Inverness and the Loch Ness

Finally, yesterday, we made our way up into northern Scotland to travel along its major lochs and glacial valleys, all the way up to the small sea town of Inverness.  It is at moments such as these I wish I was a poet or a great painter or photographer, in hopes of somehow catching hold, if only for a fleeting moment, the beauty I saw yesterday.  Here is my best shot.

Imagine driving through the million year old remains of a receding glacier, with jagged mountains beaten down into large rolling hills.  The sun is shining, but through a dense fog that sits about a couple hundred feet above the ground, never really ever leaving, with mist coming up from the ground.  Everything is green, really deep green, with gnarled trees along the mountain edges, covered with moss; and dense dark woods and lochs, deep and cold.  The temperature fluctuates between freezing and the low 40s; the air is damp, leaving you bone cold, always wanting a cup of hot tea with some scotch in it, perhaps, and you can always see your breath.  And all around you is the sea, which you catch glimpses of, here and there, and the ocean air, a smell that is almost too difficult to describe, mixed with the burning of coal to heat homes.  And, it just keeps going and going 360 degrees in any direction, as you move along winding roads around which you can barely see.  Then, as if that is not enough, through all the fog, the sun is somehow shining, but in the oddest ways, producing the wildest colors: bright blues at ground level, as if the sky was perpendicular to the ground; wild oranges and yellows; and rainbows everywhere.  I have never seen so many rainbows!  To top it all off, there are the snow peaked mountains and hills, with clouds dropping snow on them, unable to get lose, just hanging there snowing.  And, finally, there are the little towns through which you pass, lost in time, somewhere between a hundred and a thousand years ago.  No wonder they believe their major loch, the Ness, has a monster.  Actually, the better question is, why wouldn't it.

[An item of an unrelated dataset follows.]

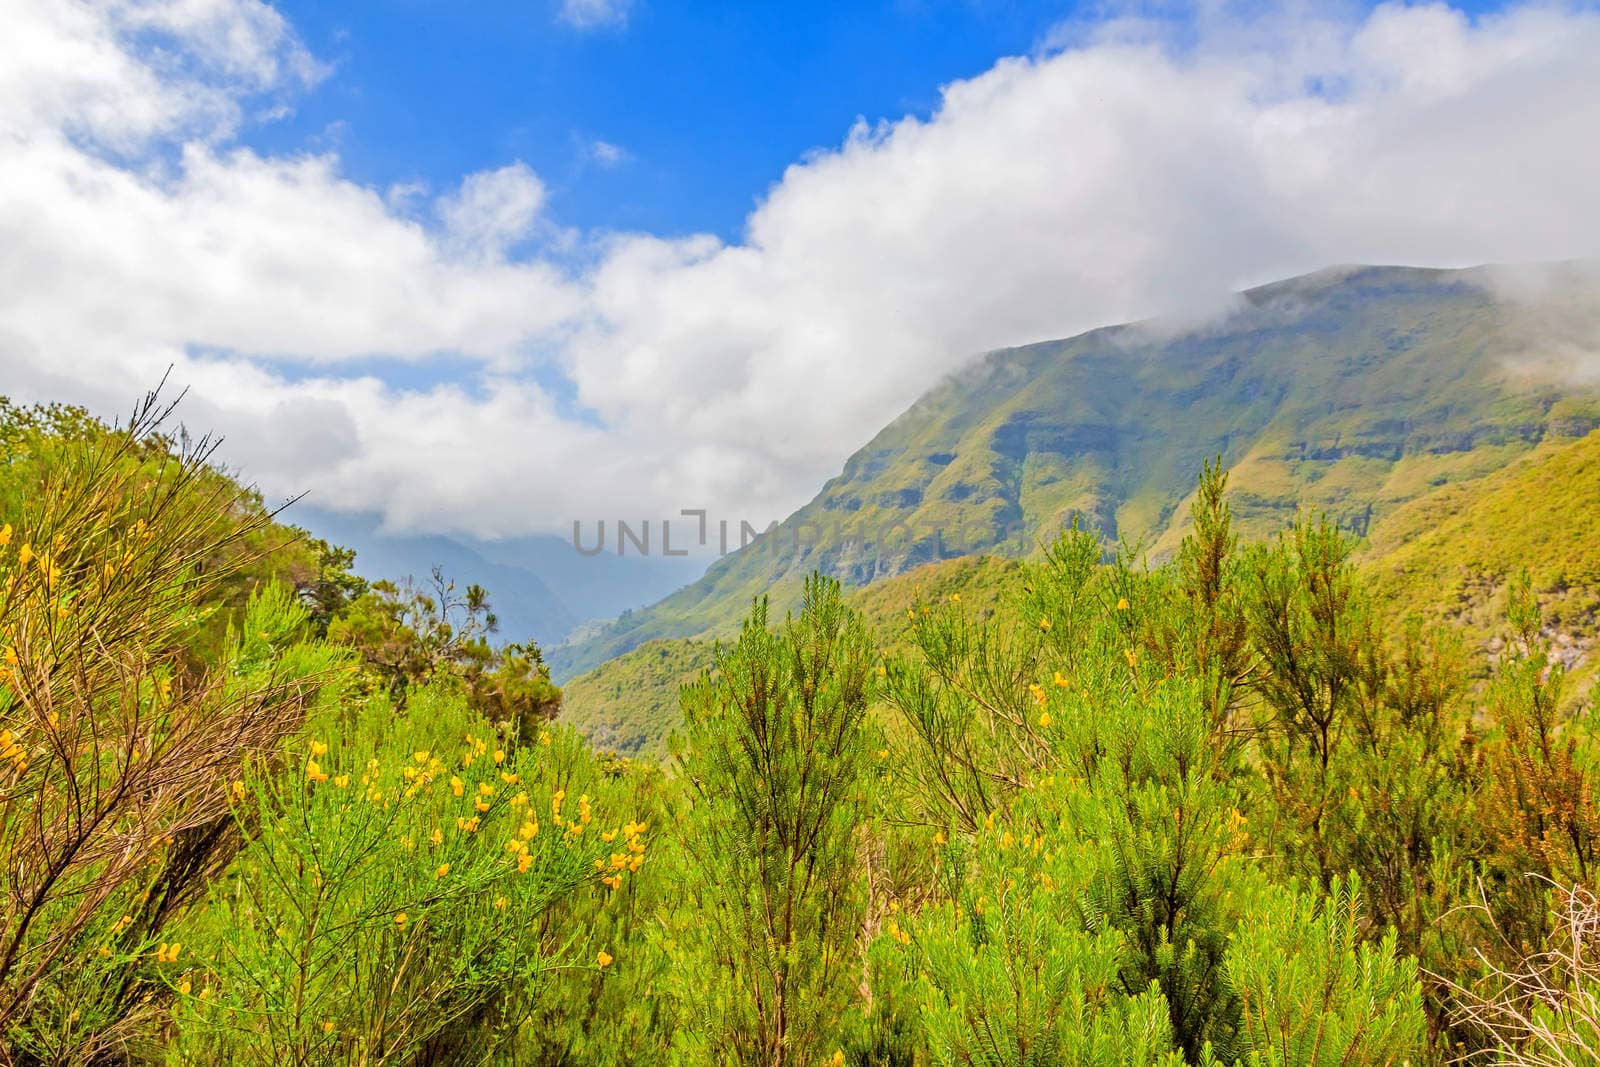 Island of Madeira - the magnificent natural landscape in the west, near the 25 Fontes falls

    So, that was the experience I had.  My family in the car, however, found my response a focal point for their humor.  See, every few minutes or so, as we drove, I would yell out:

"Wow, look at that!"
"Did you guys see that?"
"Have you ever seen a tree that beautiful?"
"Damn, look at those colors!"
"Look at the sky."
"Look at that mountain top and the snow, dang."

After a while, I guess, this started to get on everyone's nerves--which is understandable.  So, everyone started teasing me, saying, "Hey, Brian, look at the air; have you ever seen such beautiful air?"  Even my daughter teased me.  "Hey, Dad, have you ever seen snow that beautiful before?" Whatever.  As you can see to the right, Jay and I reenacted my hysteria for the camera.  My family is cruel.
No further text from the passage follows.